Write accumulated results with 1D bias addition to global memory.

Pipeline: TMEM -> Registers -> (+1D bias broadcast from SMEM) -> SMEM -> GMEM (TMA).

The bias SMEM tile is 1Γ—MMA_N loaded via cp.async (linear layout, no swizzle) and then broadcast across all M rows.

write_batched_with_tma_epilogue_load_strips​

def write_batched_with_tma_epilogue_load_strips[epi_load_swizzle: TensorMapSwizzle, num_epi_stages: Int](self, c_tiles: SMemTileArray2DRowMajor[c_type, c_smem_dim0, c_smem_dim1, num_output_stages], output_stage: OutputStage[opc], mut epilogue_pipeline: ProducerConsumerPipeline[num_epi_stages], epilogue_tiles_base: UnsafePointer[Scalar[c_type], MutAnyOrigin, address_space=AddressSpace.SHARED], epilogue_tile_elems: Int, tile_coord: Tuple[UInt32, UInt32, UInt32], c_shape: Tuple[UInt32, UInt32])

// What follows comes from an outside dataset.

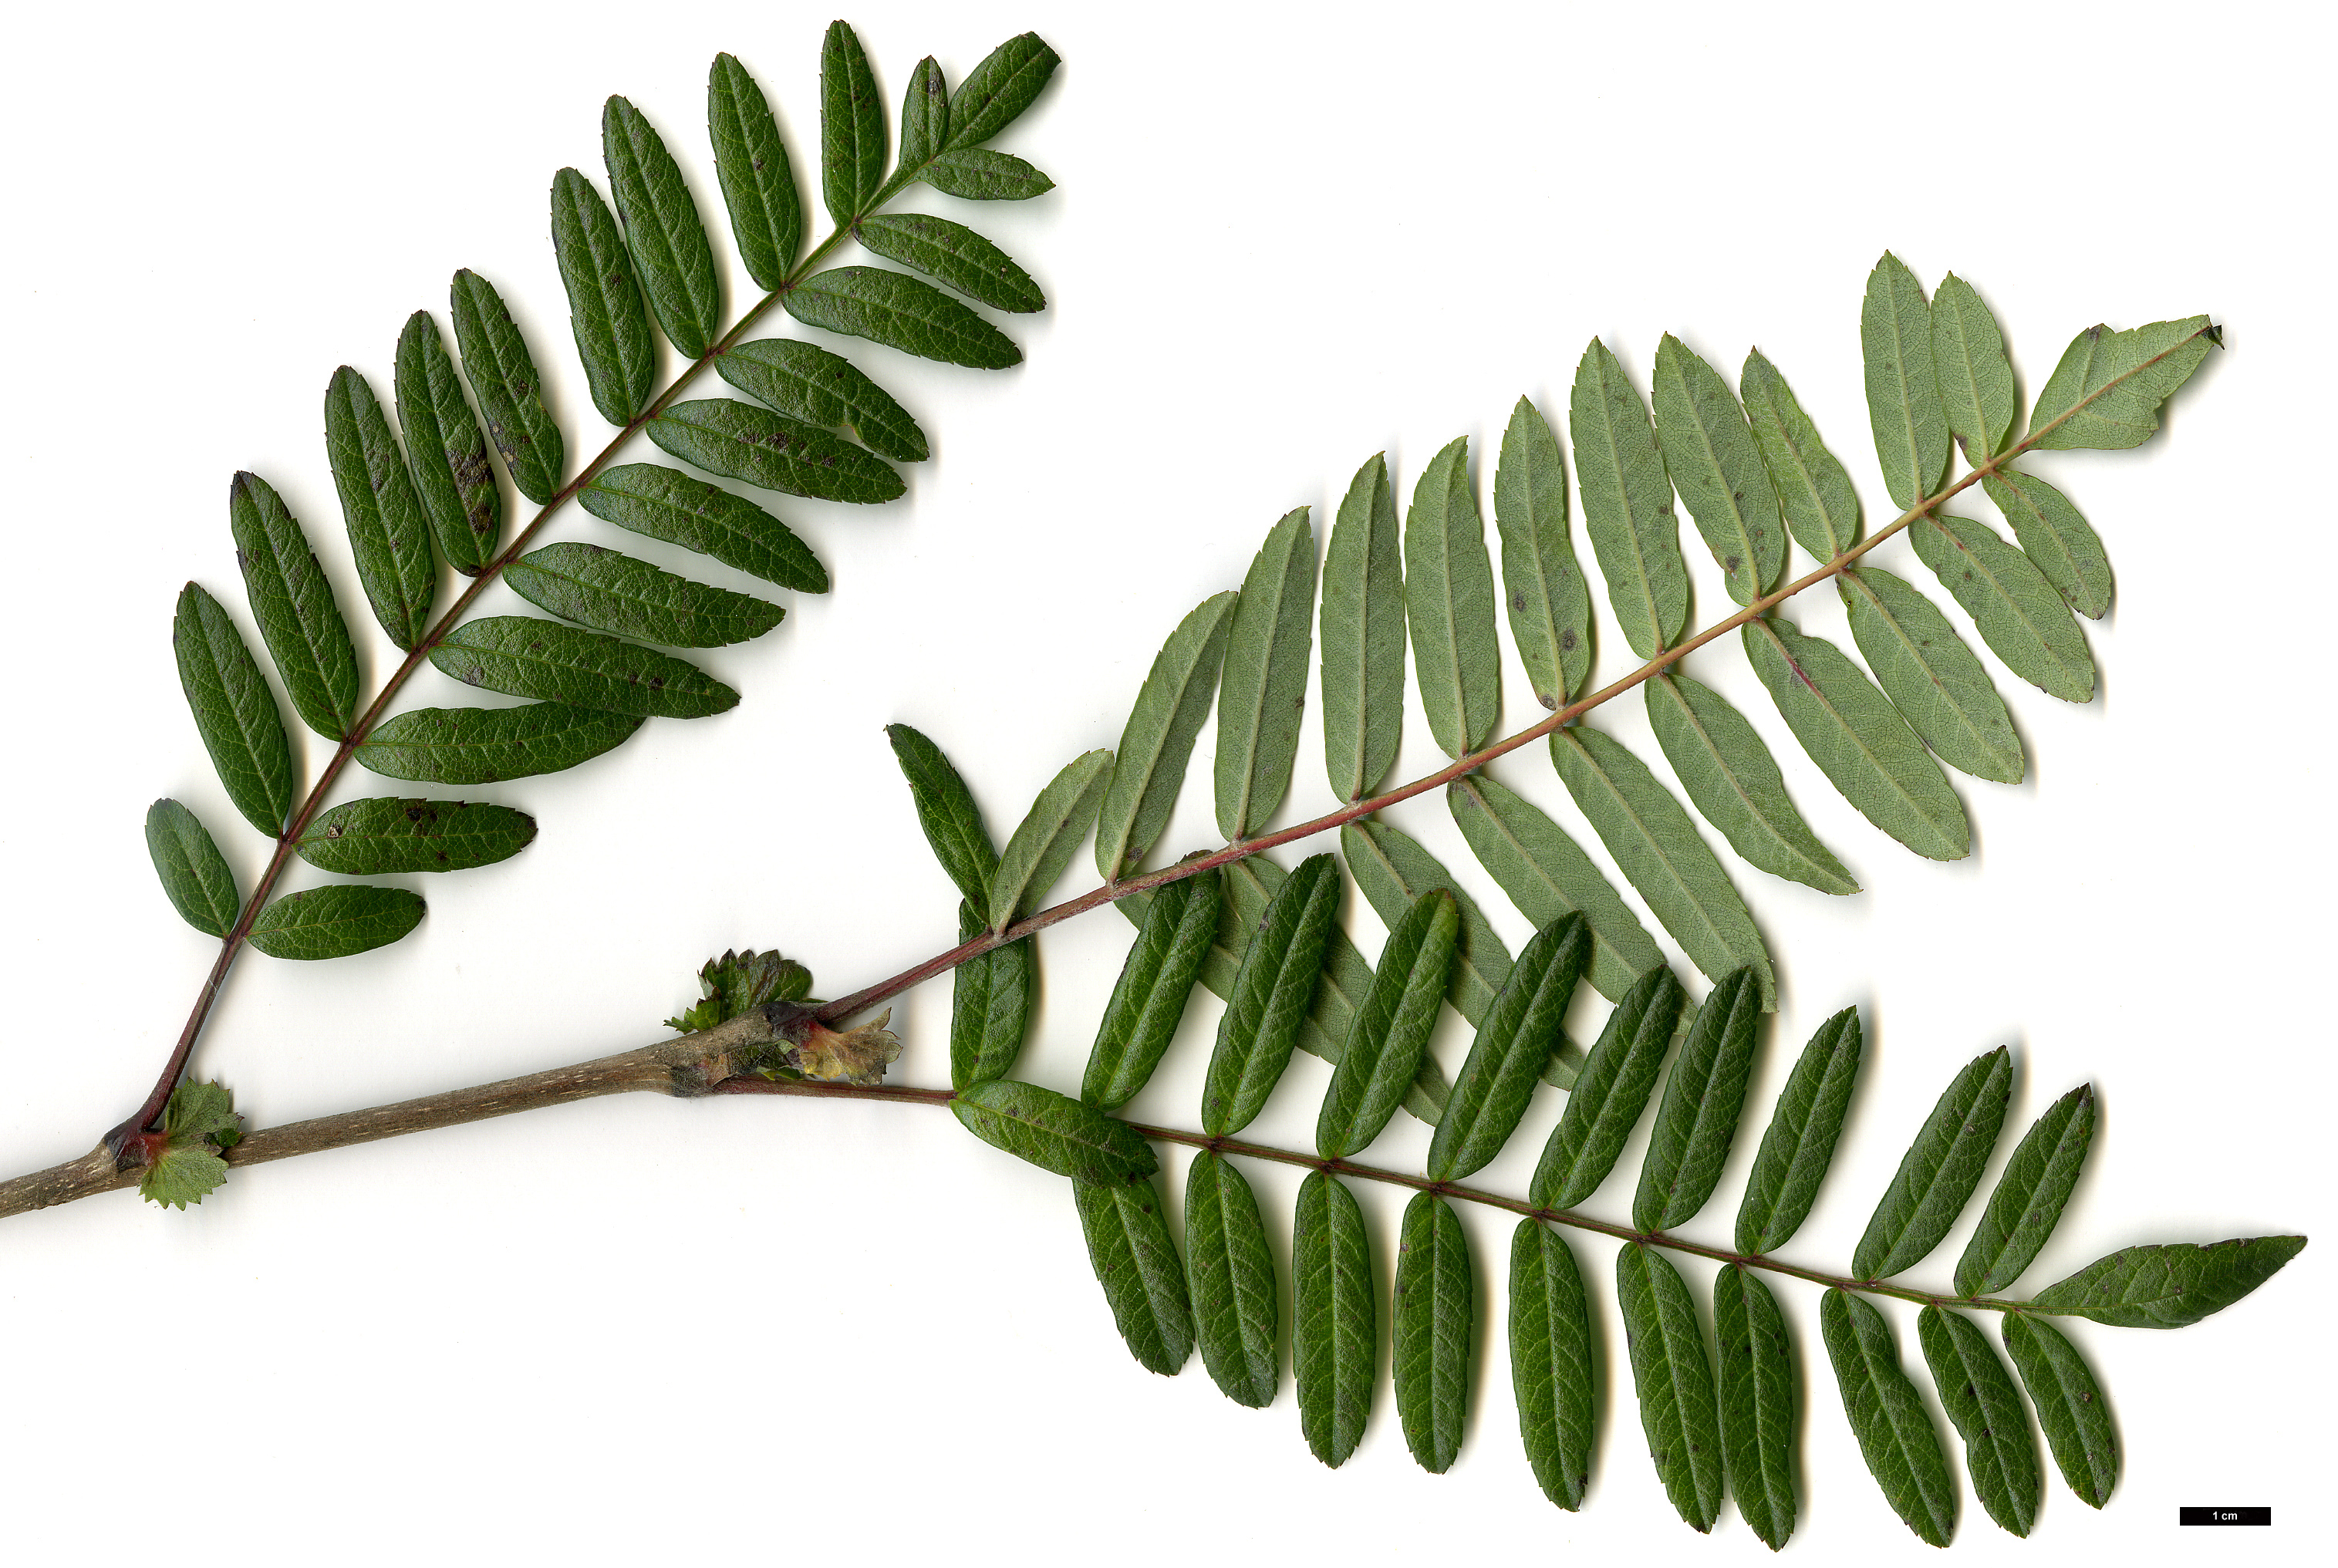 High resolution image: Family: Rosaceae - Genus: Sorbus - Taxon: scalaris

Write accumulated results with BMΓ—stageN pipelined epilogue addition.

For non-AB_swapped configs. Each epilogue pipeline stage is one BMΓ—stageN tile. Producer sends tiles in stage-outer / col_wg-inner order; consumer mirrors that structure so each TMEM stage is fully processed (load β†’ add epilogue β†’ write) before advancing to the next.